Other Sanction Consequences
In the mind of the layman fraud is fraud and there is
not any distinction between actual fraud and what is essentially
constructive fraud, i.e., conduct without intent or recklessness
that might cause an effect similar to that which is caused
by actual fraud. The staff often seeks, and the Commission
and Courts grant by way of prophalytic relief that the
sanctioned adviser distribute the Order resolving the
administrative or injunctive proceeding to present and
prospective clients. In Valicenti Advisory Services Inc.
v. SEC, the Second Circuit described the type of conduct
and attendant public interest risk that an order distribution
requirement has to involve for a fair imposition of such
a sanction. The Second Circuit observed:
"[T]he SEC has provided at least two reasonable explanations
justifyingthe imposition of the distribution requirement
as a reasonable limitation on petitioners’ investment
adviser activities. First, the distribution requirement
will apprise present and prospective clients of the Commission’s
findings so that these investors may be fully informed
in deciding whether they wish to do business with petitioners.
Second, the distribution requirement may discourage petitioners
from committing further violations. Given the serious
nature of the petitioners’ violations, we cannot deny
that the distribution requirement is a rational means
to alert actual and prospective clients of petitioners’
misconduct and to discourage any further such conduct
... [and] ‘[s]o long as an agency has articulated a satisfactory
explanation for its action including a rational connection
between the facts found and the choice made, we will uphold
its choice of sanctions." (Emphasis added.)
In the context of a statute and rules that do not draw
a clear line between actual and constructive fraud, a
distribution order can be an injustice.
The March 2006 US Chamber of Commerce’s Report on the
Current Enforcement Program of the Securities Exchange
Commission suggests a more palatable alternative, especially
in respect to investment advisers who are governed more
significantly by fiduciary responsibilities than by the
anti-fraud provisions. Both more effective "fix it"
solutions and better guidance to investment advisers can
be achieved if the Chamber’s recommendations are followed.

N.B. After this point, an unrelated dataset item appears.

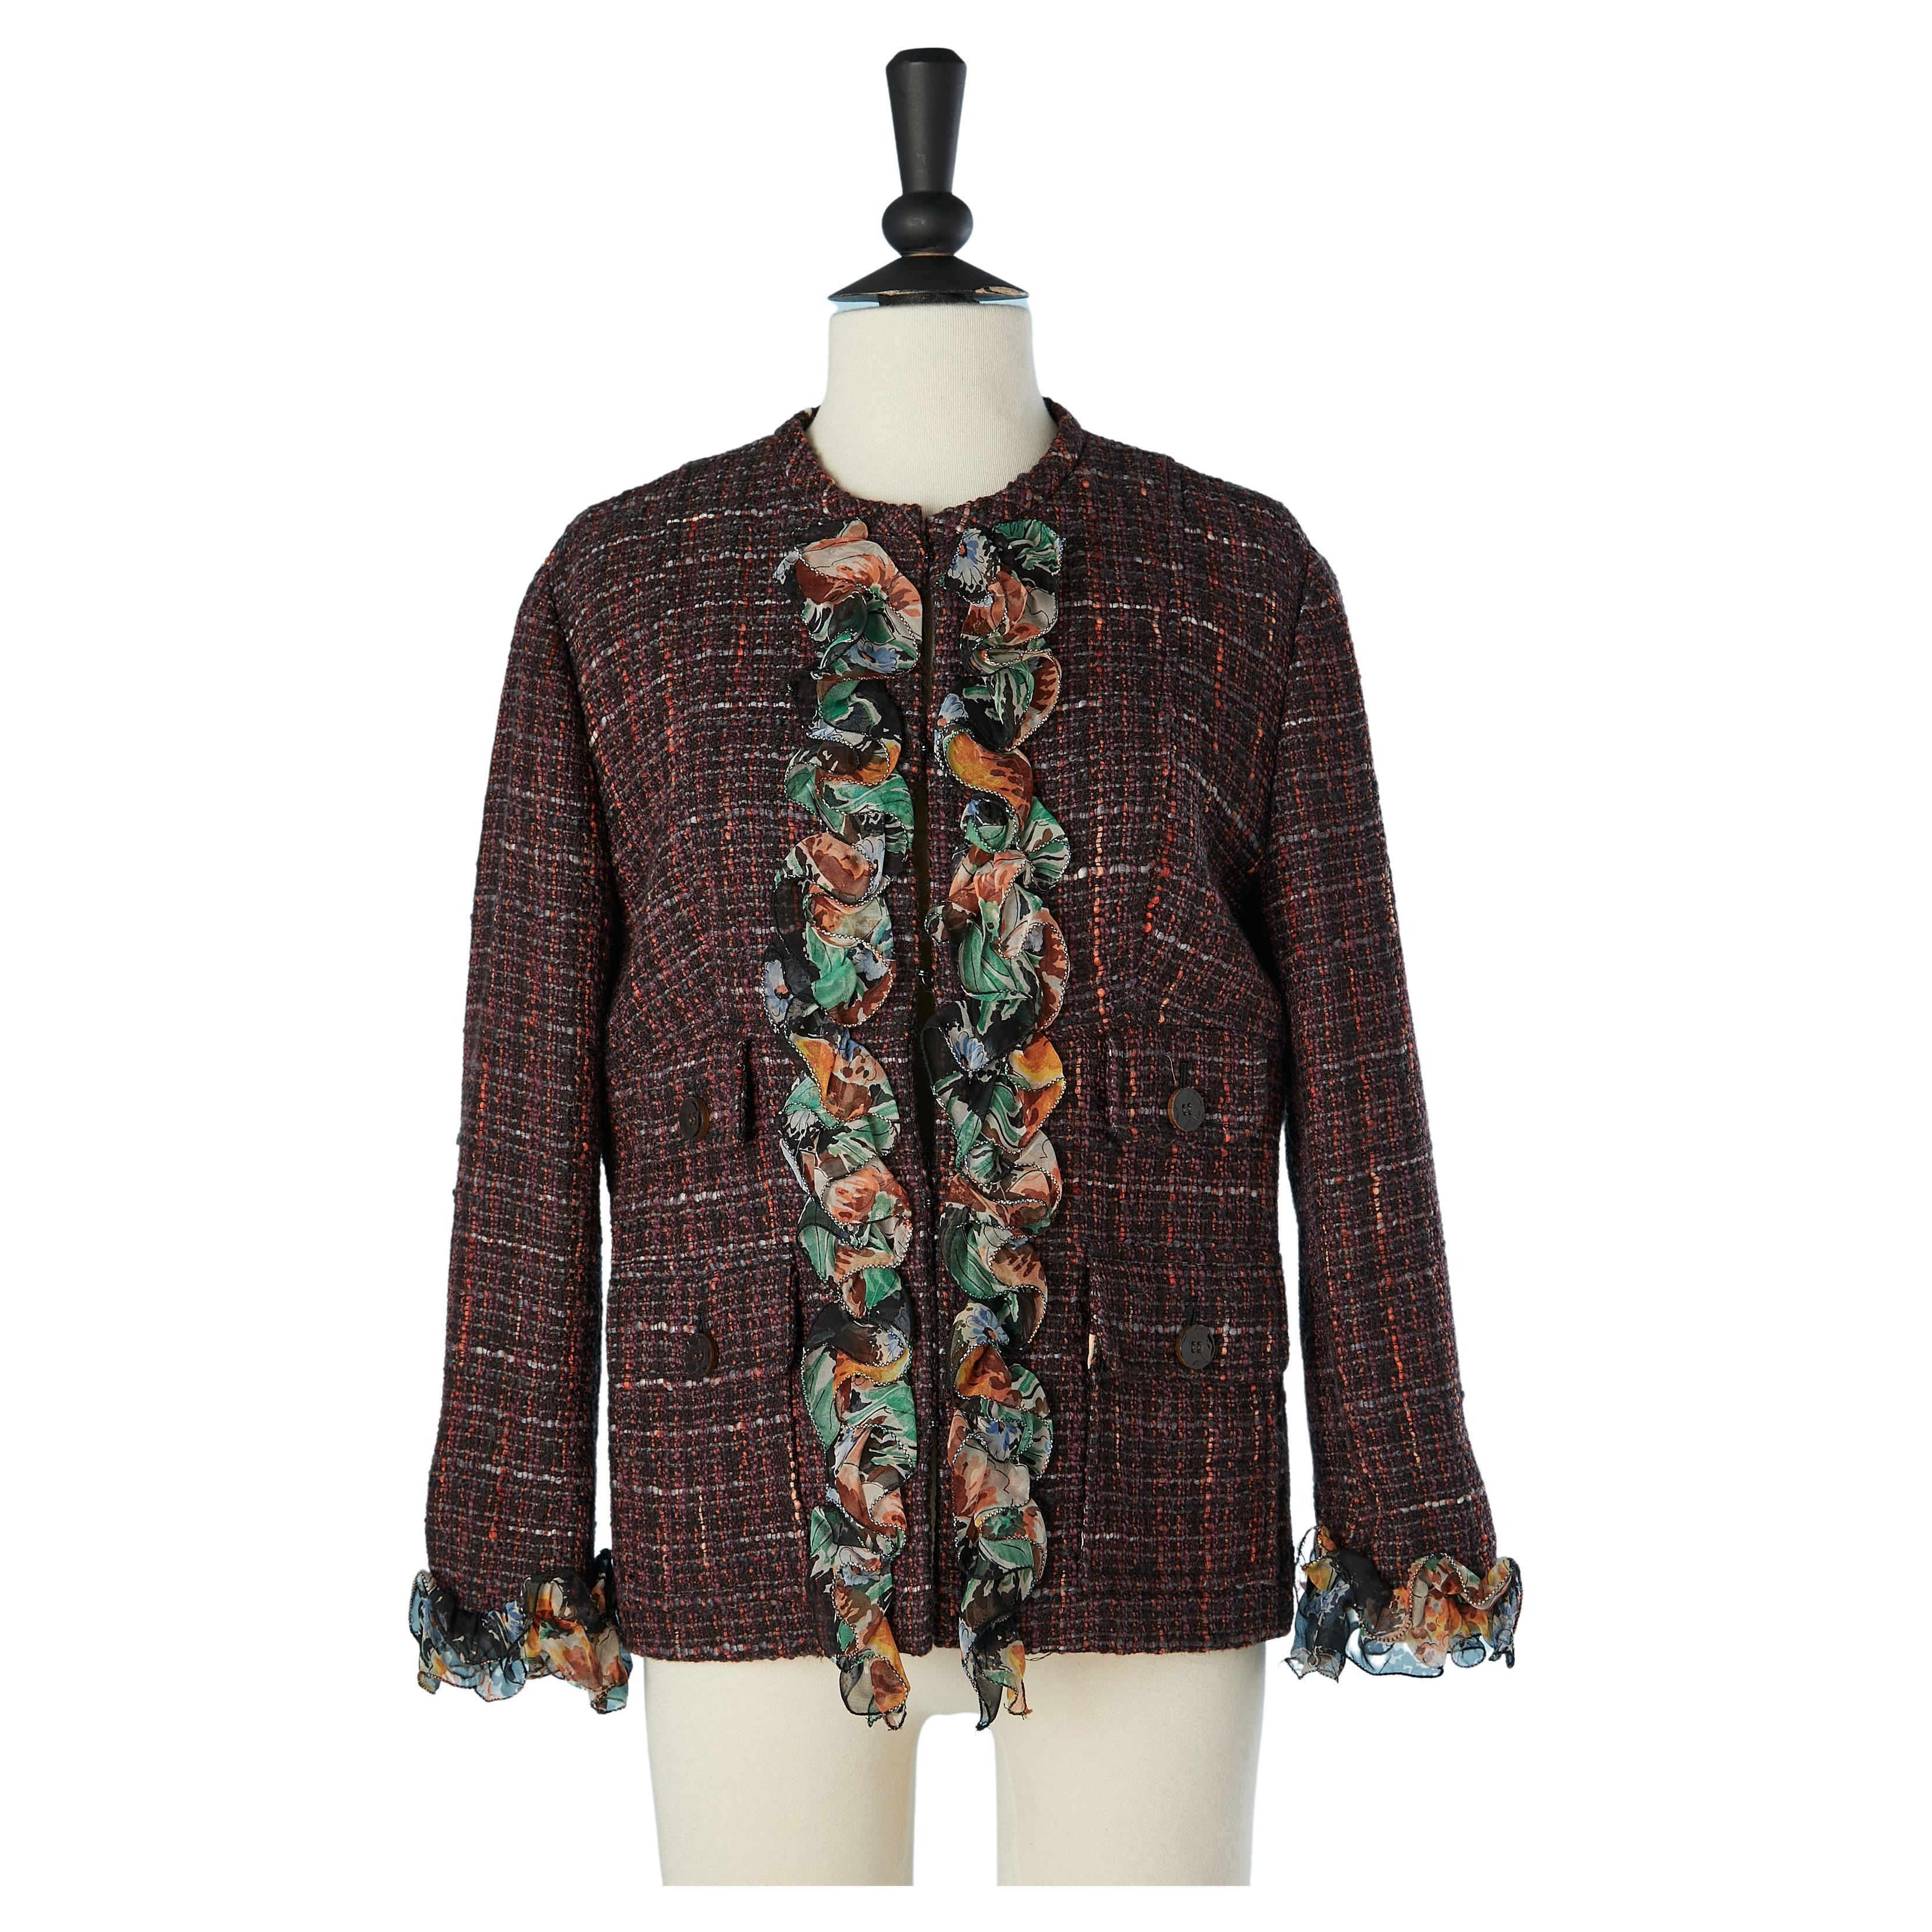 Edge to edge tweed jacket with flower printed chiffon ruffles Dolce & Gabbana  For Sale

Among the recommendations, which will avoid harsh measures
such as a distribution requirement that do not advance
the public interest, is the following:
"The Commission should consider the use in appropriate
cases of formal reprimands, as suggested by the Wells
Committee in 1972, and of Memoranda of Understanding,
as utilized by banking regulations, to remedy situations
short of enforcement actions. In addition, the wider use
of Reports of Investigation under Exchange Act Section
21(a) can help provide meaningful guidance on difficult
disclosure and accounting issues and on the Commission’s
emerging views on appropriate standards of conduct."

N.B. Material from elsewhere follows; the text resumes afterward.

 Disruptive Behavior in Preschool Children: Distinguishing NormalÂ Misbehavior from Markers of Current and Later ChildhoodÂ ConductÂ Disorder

Implementing this recommendation will certainly be more
congruent with the remedial as opposed to the punitive
purposes of the federal securities laws. It will also
give better definition to the investment adviser’s fiduciary
duties and the standards that govern the adviser’s conduct.
The recommendation coupled with the relatively new chief
Compliance Officer Rule 206(4)-7 certainly also will enhance
the efficacy of the statutes and rules, provided there
is a sharper focus on educative notice.